NPL addition to stream.py to add noise and jitter to sine generated data.

Main script that calls the above classes within the agent-based framework. It sets up agents that generate data and perform Bayesian noise and jitter removal.

Acknowledgements

This work was part of the Joint Research Project Metrology for the Factory of the Future (Met4FoF), project number 17IND12 which has received funding from the EMPIR programme co-financed by the Participating States and from the European Union’s Horizon 2020 research and innovation programme.

Disclaimer

This software is developed as a joint effort of several project partners namely:

under the lead of NPL. The software is made available "as is" free of cost.

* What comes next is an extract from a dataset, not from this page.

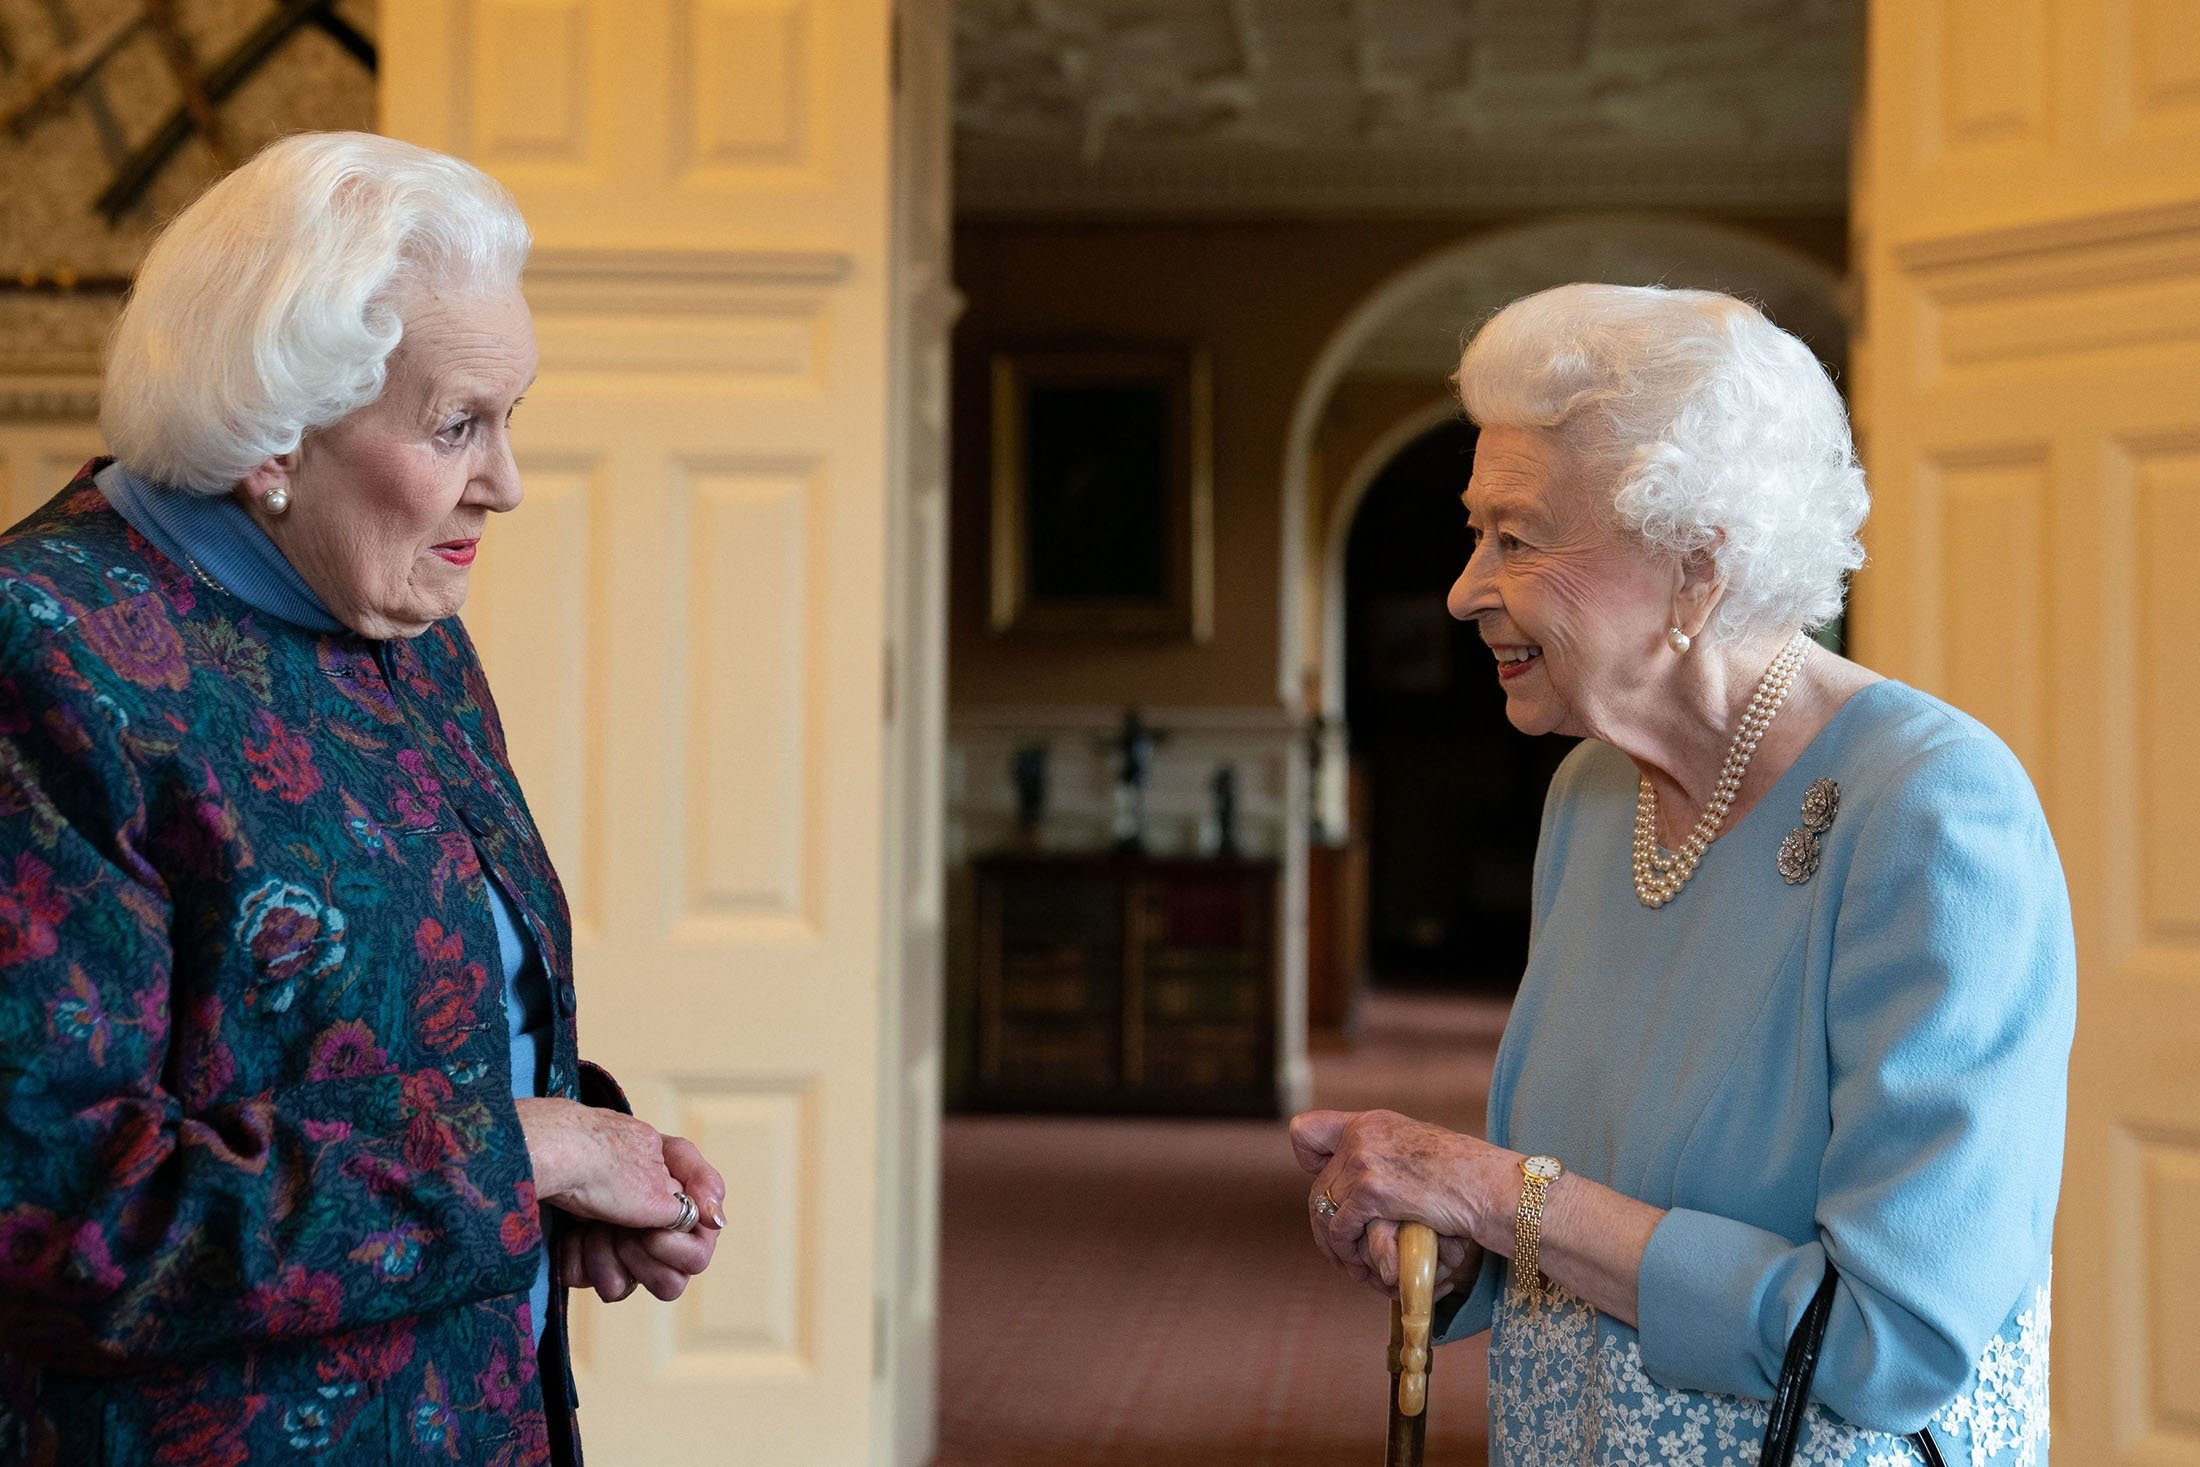 Britain's Queen Elizabeth II (R) meets Angela Wood (L), the woman who helped create coronation chicken, at a reception in the Ballroom of Sandringham House, the Queen's residence in Norfolk, U.K., Feb. 5, 2022. (AFP Photo)

The authors and their institutions assume no responsibility whatsoever for its use by other parties, and makes no guarantees, expressed or implied, about its quality, reliability, safety, suitability or any other characteristic. In no event will the authors be liable for any direct, indirect or consequential damage arising in connection with the use of this software.

References

[1] K. Jagan, L. Wright and P. Harris, "A Bayesian approach to account for timing effects in industrial sensor networks," 2020 IEEE International Workshop on Metrology for Industry 4.0 & IoT, Roma, Italy, 2020, pp. 89-94, doi: 10.1109/MetroInd4.0IoT48571.2020.9138266.

[2] Wichmann BA, Hill ID. Algorithm AS 183: An efficient and portable pseudo-random number generator. Journal of the Royal Statistical Society. Series C (Applied Statistics). 1982 Jan 1;31(2):188-90.

License

MCMCNJ is distributed under the LGPLv3 license.

Version of this document

Version 2 for release 2 of the code – Created 28-08-2021 KJ, LRW, BL.